Telemedicine facility at General Hospital

October 31, 2015 12:00 am | Updated 05:37 am IST - KOCHI

: For the first time, a government hospital in the State will be able to manage stroke patients using telemedicine facilities with expert neurology advice.

With at least five stroke patients turning up on an average every day at the District General Hospital, the hospital had devised a system for management of stroke for poor patients reaching here.

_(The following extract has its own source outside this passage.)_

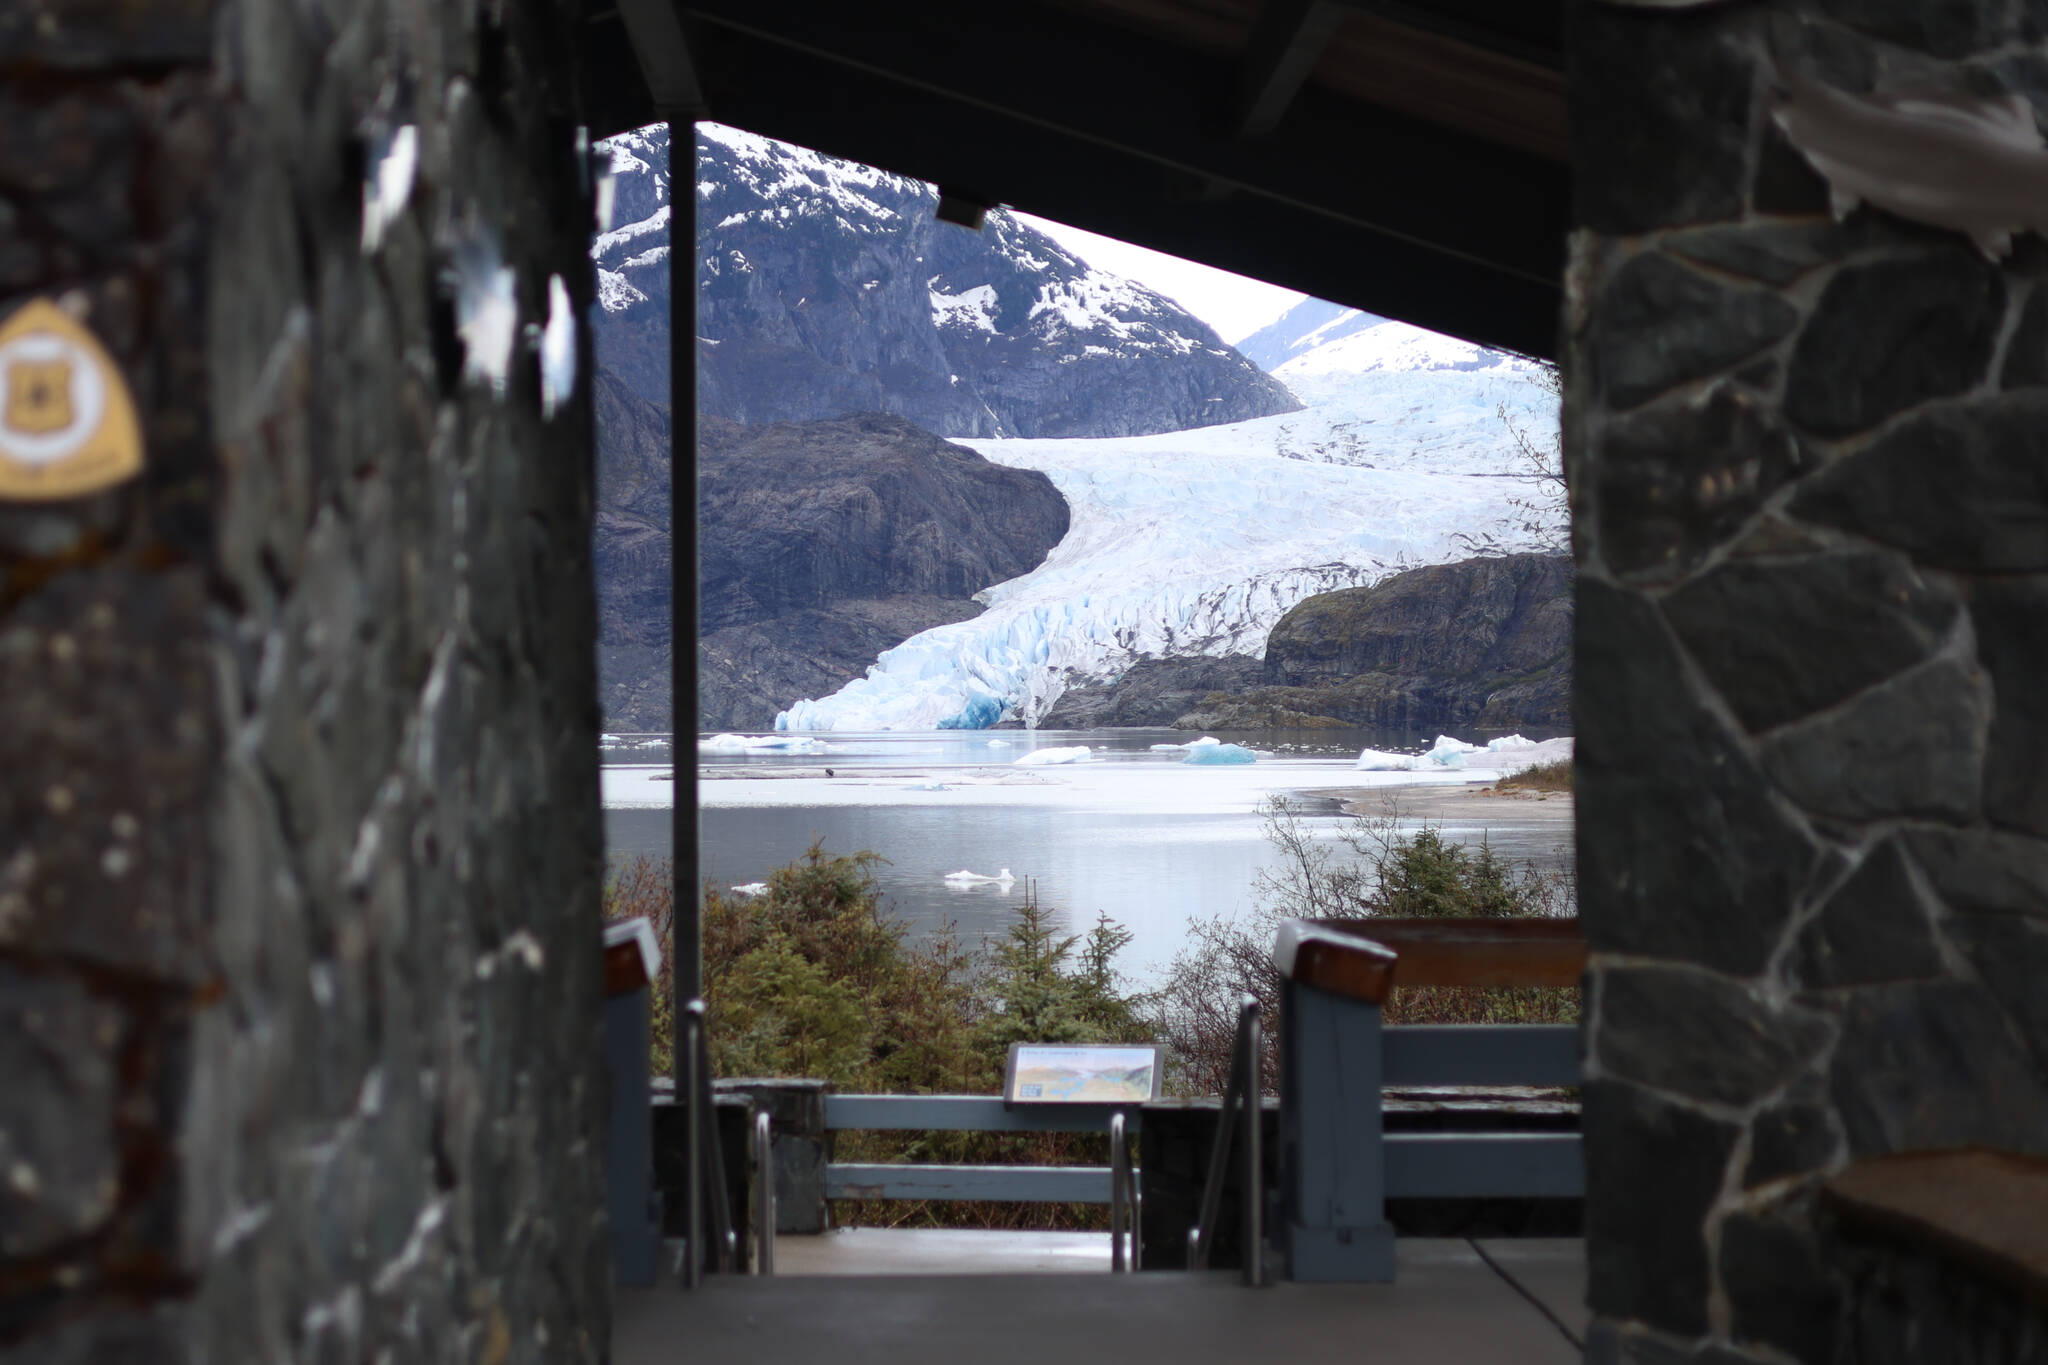 The Mendenhall Glacier is seen through the entrance of a pavilion near the Mendenhall Glacier Visitor Center on Friday. The area surrounding the visitor center will see significant changes under a plan to overhaul the Mendenhall Glacier Recreation Area. (Ben Hohenstatt / Juneau Empire)

Calling it telestroke, patients would be managed in the hospital without sending them to advanced centres that would cause time delays. If the patient is brought in within four hours of the stroke, the clot in the blood vessels cutting of supply to brain cells could be dissolved by administering tissue plasminogen activator (tPA), which is known as clot busting agent, on the advice of an expert from an advanced centre.

And the expertise would be made available in an agreement with the Department of Stroke Medicine, Amrita Institute of Medical Sciences.

Scientifically called systemic thrombolytic agent, the clot buster enzyme could become a deciding factor in keeping away paralysing effect of the stroke.

People are now aware of angioplasties (or stenting) to remove the blocks in heart vessels, but there is little awareness about managing stroke that works on the same principle where time is of importance in getting the patient to a treatment centre, said G. Manoj, senior consultant, General Medicine, District General Hospital.

The cost of tPA and the expertise in using it being a limiting factor for poor patients, both these would be provided at no cost at the GH, said Dr. Manoj. Government would provide the medicine costing Rs. 45,000 through the Karunya scheme.

A CT scan and a scoring system for stroke management based on the National Health System (European) would be made available in real time to the experts in Amrita, who would be able to see the patient and suggest administering tPA.

It will be a management that will have better outcome for patients from being bed-ridden to a walking state, said Dr. Vivek Nambiar, heading Stroke Medicine, AIMS.